I converted a ModernMT model (Fairseq) to CT2. All is working quite properly, whatever the quantization used.
For information: I do not know if this is important, but in my application, the source sentences contain extra information at the beginning, that should be used by the model to produce a tuned translation of the rest of the sentence. This is working well with the original ModernMT model.
Problem: especially on short sentences, CT2 is often producing an extra token at the beginning of the output (usually a punctuation).
I tried to play with beam_size, length_penalty, coverage_penalty parameters without success.
I wonder if this may be due to the fact that ModernMT seems not using a BOS token. Only an EOS token.

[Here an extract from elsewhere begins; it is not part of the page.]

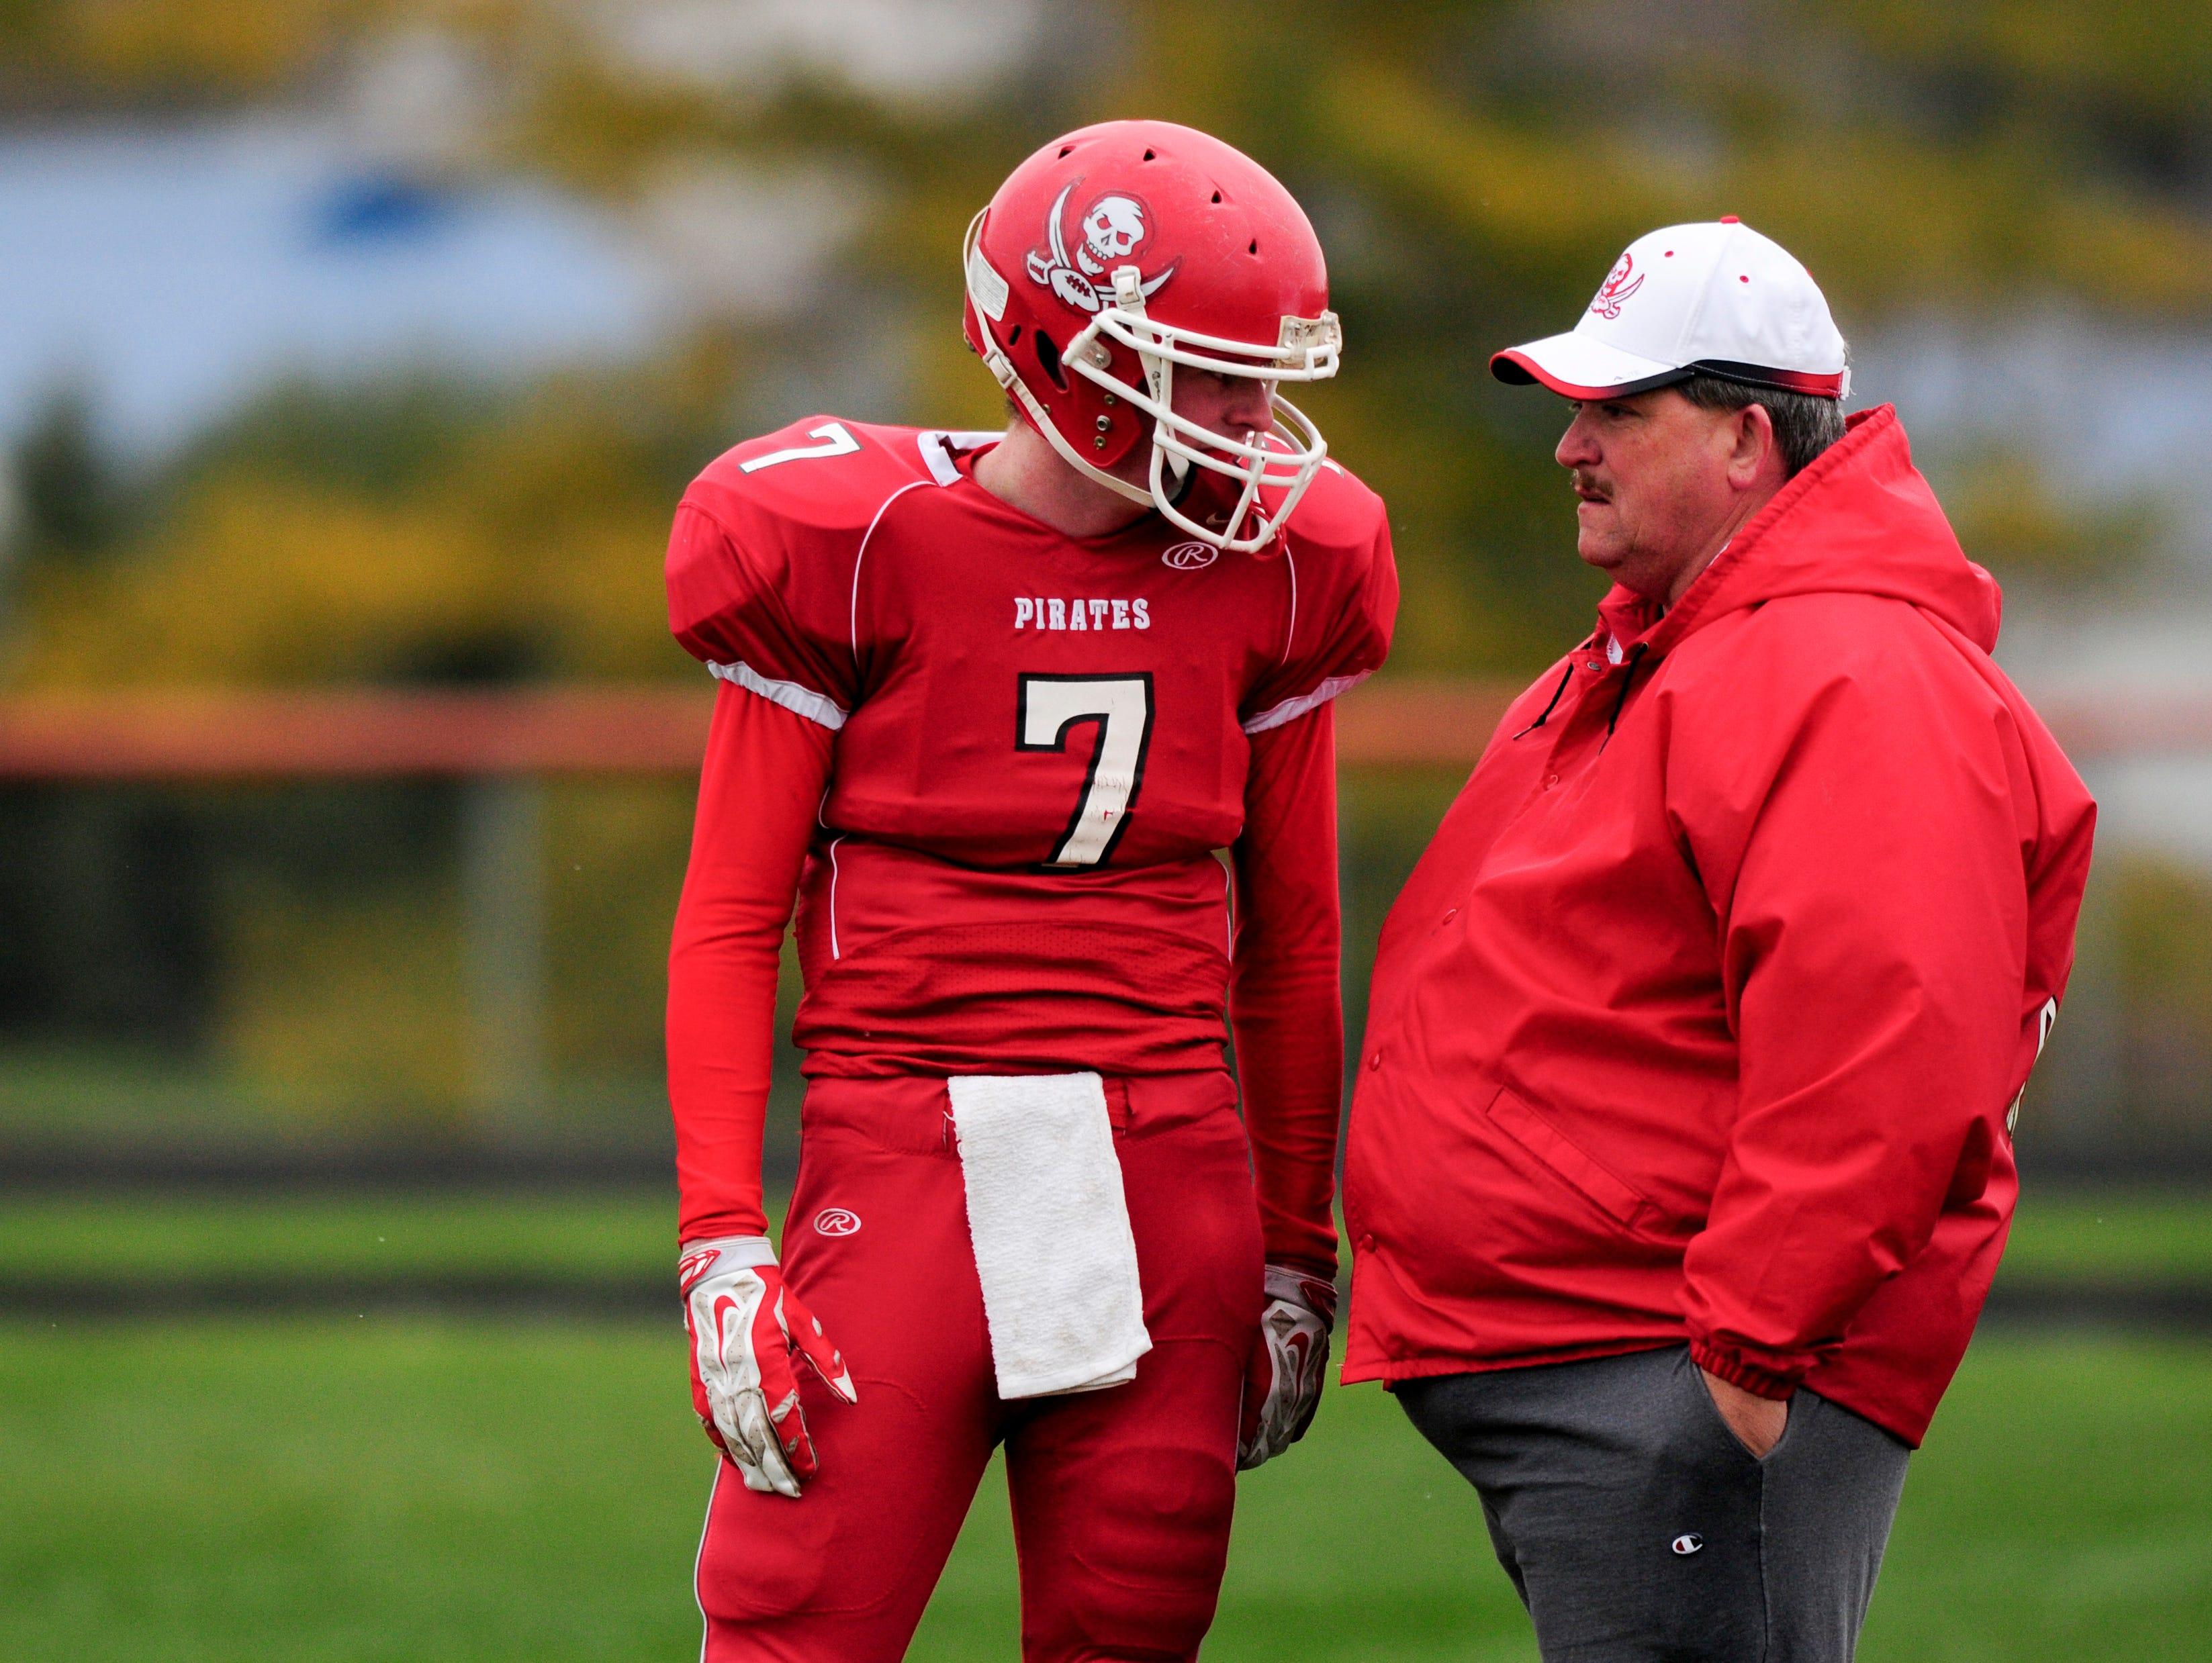 Peck senior Tom Gallagher speaks with coach Rob McDaniel during an 8-man semifinal football game Saturday, Nov. 15, 2014 at Peck High School.

Thus, I tried with this config.json file:
Do you have alot of short sentences in your training/validation sets?
I experienced that in the past, because the model was learning to do a certain sentence length as I was providing alot of sentences with more or less the same length.
Remark: encode_line is inherited from fairseq.data.Dictionary.
At this step, MMT is directly building a Tensor. But, CT2 needs tokens. In a first attempt, I wanted to keep the exact processing of MMT. So, I need to convert back this Tensor to a token list:
indexes = indexes.long()
print("IDX="+str(indexes))
tokens = [sub_dict.symbols[idx] for idx in indexes]
print("TOK="+str(tokens))
At this step, the token list is properly ended with the "<EOS>_" token.